As US President Donald Trump began his state visit to the UK, the NFU made sure both the government and the public were fully aware of the issues at stake regarding any future trade deal the UK agrees with the United States post-Brexit.
In a strongly worded press release sent to national, regional and farming trade press, as well as political commentators and influencers, the NFU urged the government not to betray British farmers and values in pursuit of foreign trade deals. The release drew attention to both the high standards of food produced in the UK and the importance of ensuring a level playing field for UK farm businesses.
NFU President Minette Batters said:
“British farmers produce food to standards that are among the highest in the world. Our farm-to-fork approach delivers not only some of the most robust levels of food safety and traceability in the world, but also animal welfare and environmental standards that we believe should serve as a model for food production globally. It gives shoppers a level of trust and pride in British food that is not replicated in other food systems.

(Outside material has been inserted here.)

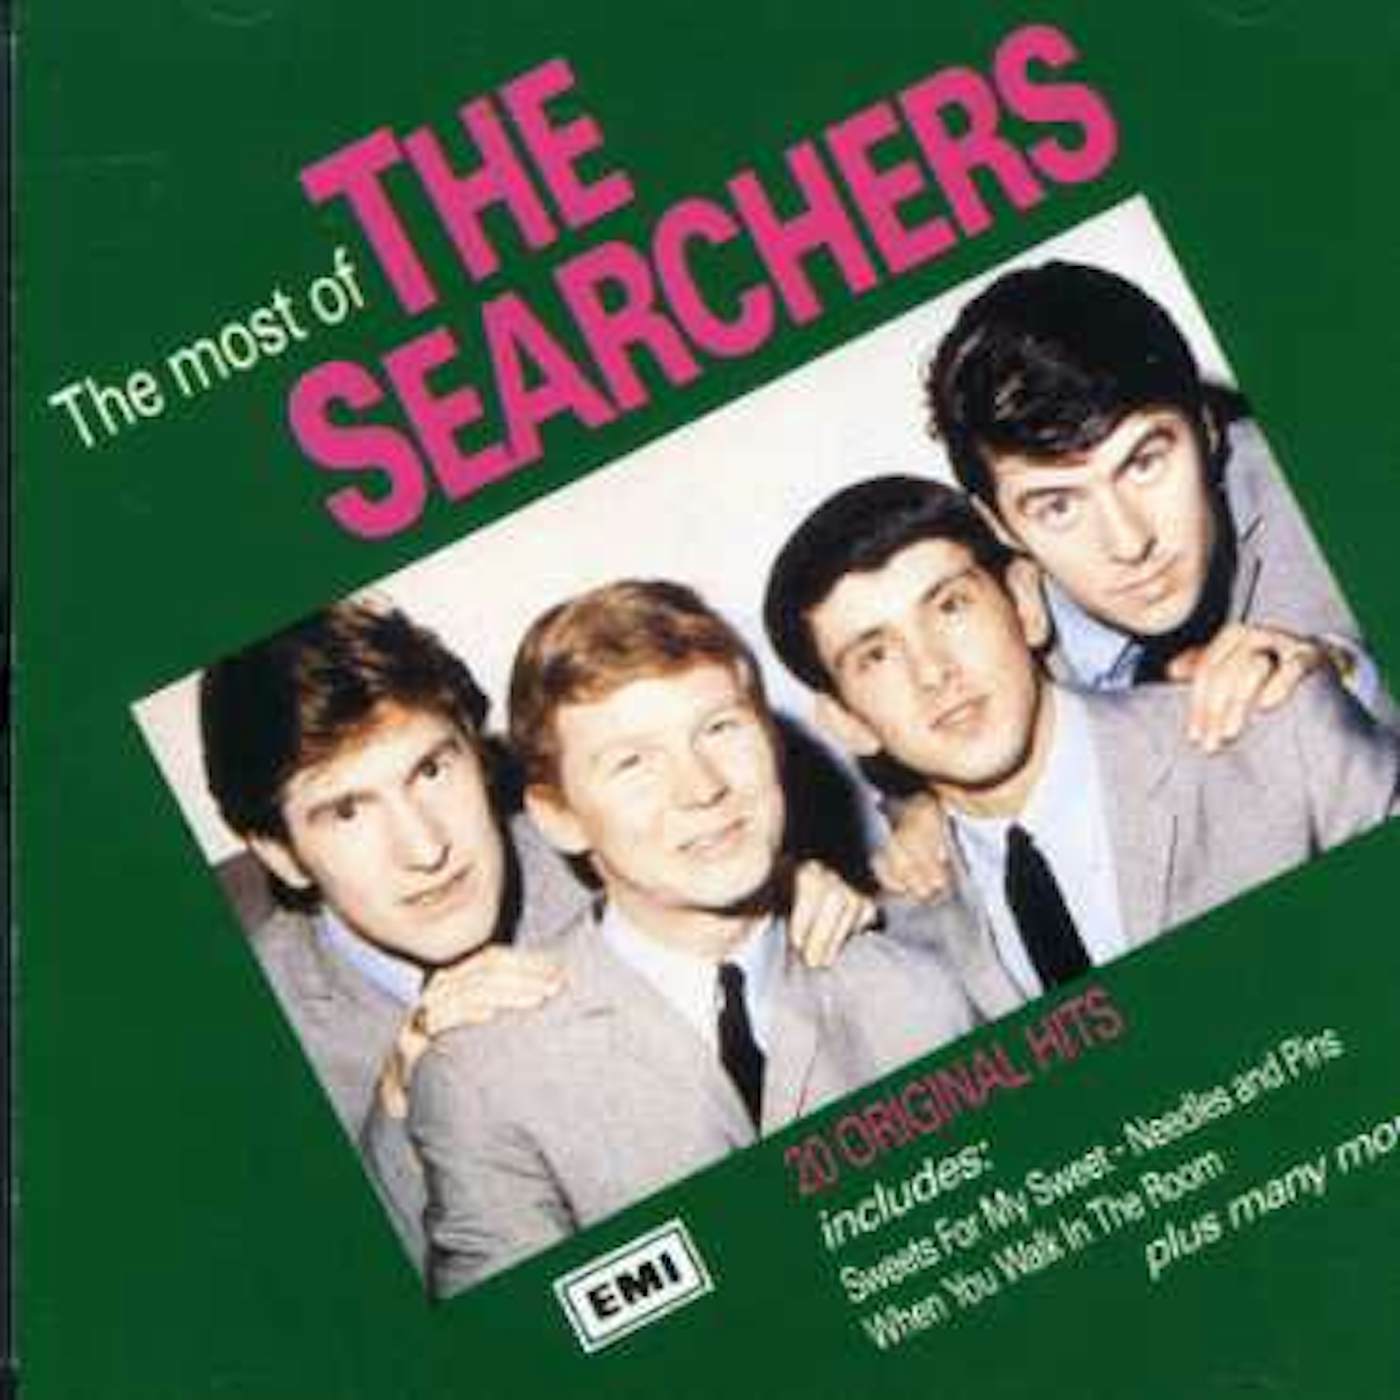 MOST OF THE SEARCHERS CD

“Put simply, some US food would be illegal to produce here. British farmers do not rely on chlorine-wash to ensure their chicken is safe to eat, nor do they feed growth hormones to their cattle, pigs or dairy cows. In the US, for example, there are hardly any welfare laws for laying hens, with no federal laws on housing, which are in stark contrast to the UK’s advanced rules on laying hen welfare.

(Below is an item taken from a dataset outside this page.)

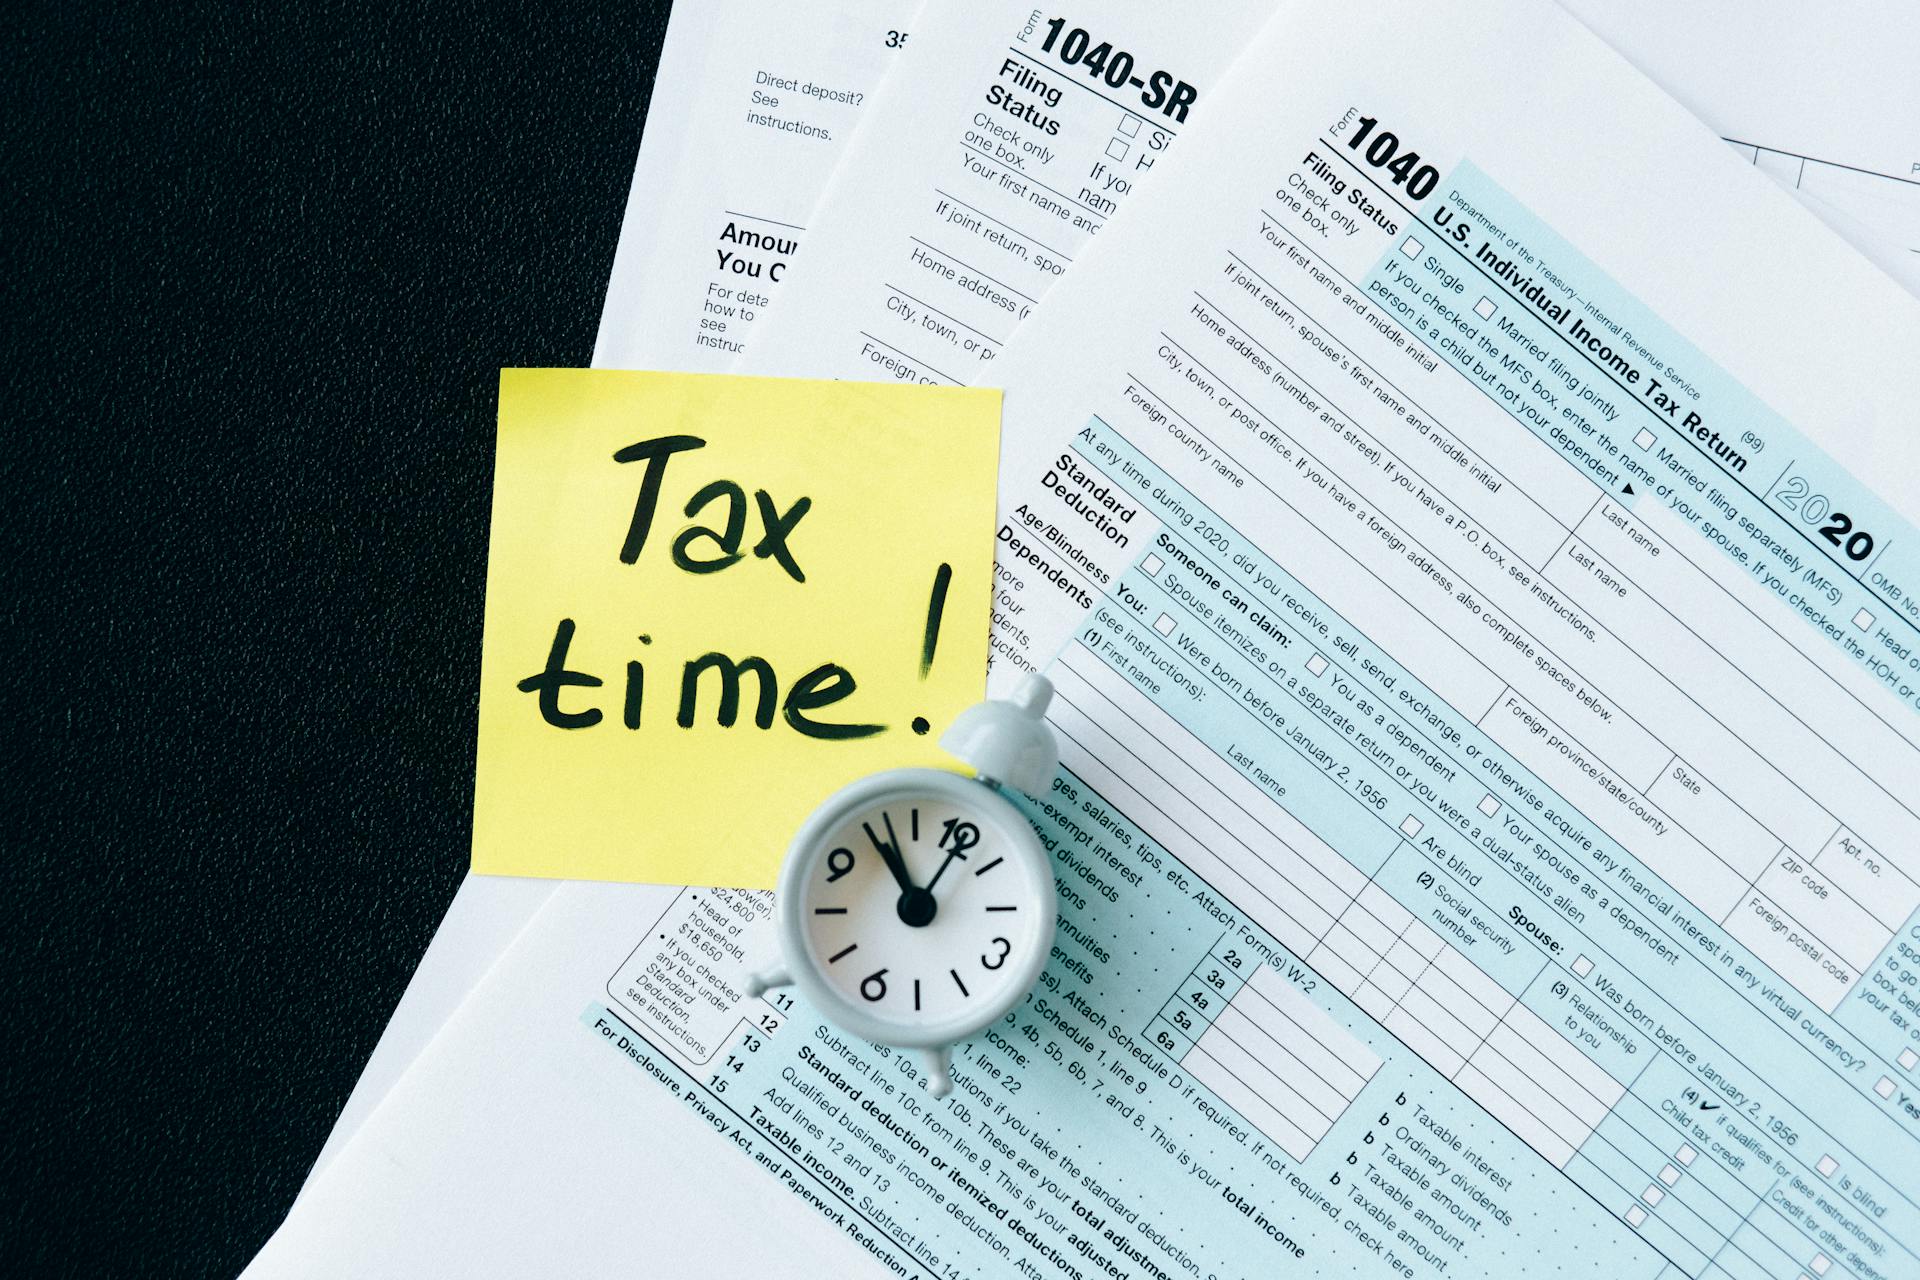 Why Getting Help With Your Taxes Is A Good Idea

“US farmers can out compete UK farmers on price by using products and methods banned in the UK as early as the 1980s. That’s not a criticism of US farmers but a statement of fact about the different legal requirements facing farmers in the UK. British farmers are quite reasonably expected to meet the values of the British public when it comes to how our food is produced – those values must not be sacrificed in pursuit of hurried trade deals.”
Where we were in the media:
NFU President Minette Batters was featured on Sky News discussing food standards and how a future trade deal which allowed imports from the US, including chlorine washed chicken and hormone injected beef, would undercut British farmers and the high welfare standards in this country. Minette voiced that we could see a mass destruction of the agricultural sector, if we did not make sure that we have a level playing field and a fair way of trading.
BBC Radio 4
BBC Radio 4 also featured NFU President Minette Batters where she discussed the high standards of British food production and that having a trade deal with the US which involved agriculture would be a betrayal of British farmers and of British shoppers who value wanting to buy high-welfare food.
Leading Britain's Conversation (LBC)
Minette’s interview with Sky was also picked up by LBC news which mentioned Minette’s views that an uneven free trade agreement between the UK and US would be a betrayal of UK farmers. This channel reaches around 2 million people.
How did we communicate this to the public?
This page of NFUonline, including the NFU’s press release and a brief comparison of UK versus US production standards by sector was promoted via the NFU’s official Twitter account. By Wednesday 5 June, it had been retweeted more than 400 times, including positive retweets from the official Twitter accounts for the Department of Trade and Industry and the RSPCA. This post has had more than 628 likes and 94 link clicks to read the article at NFUonline. To put this into perspective, this is one of the best performing posts to date for the NFU’s Twitter account.
A tweet about NFU President Minette Batters’ interview on Sky News on Monday 3 June had received 395 likes and 277 retweets by Wednesday 5 June and 30 link clicks to the full article on NFUonline. The embedded video of the interview had been watched more than 18,400 times by Wednesday 5 June.
Another Twitter post containing a video created by the NFU comparing US and UK trade standards had received 162 likes, 157 retweets by Wednesday 5 June and had been watched more than 7,300 times. It has also resulted in 59 clickthroughs to the sign up page of the NFU’s Back British Farming campaign newsletter.
The NFU’s video explaining the differences between UK and US food standards was also shared on the NFU’s public-facing NFUonline and CountrysideOnline Facebook accounts. The aim is to use the media attention on a future US trade agreement generated by the US President’s visit to drive sign ups to the NFU’s Back British Farming campaign. Public support for the NFU’s policy asks lends further weight to the call on government to ensure any future trade deals do not undermine British farming's world-leading food safety, animal welfare and environmental standards.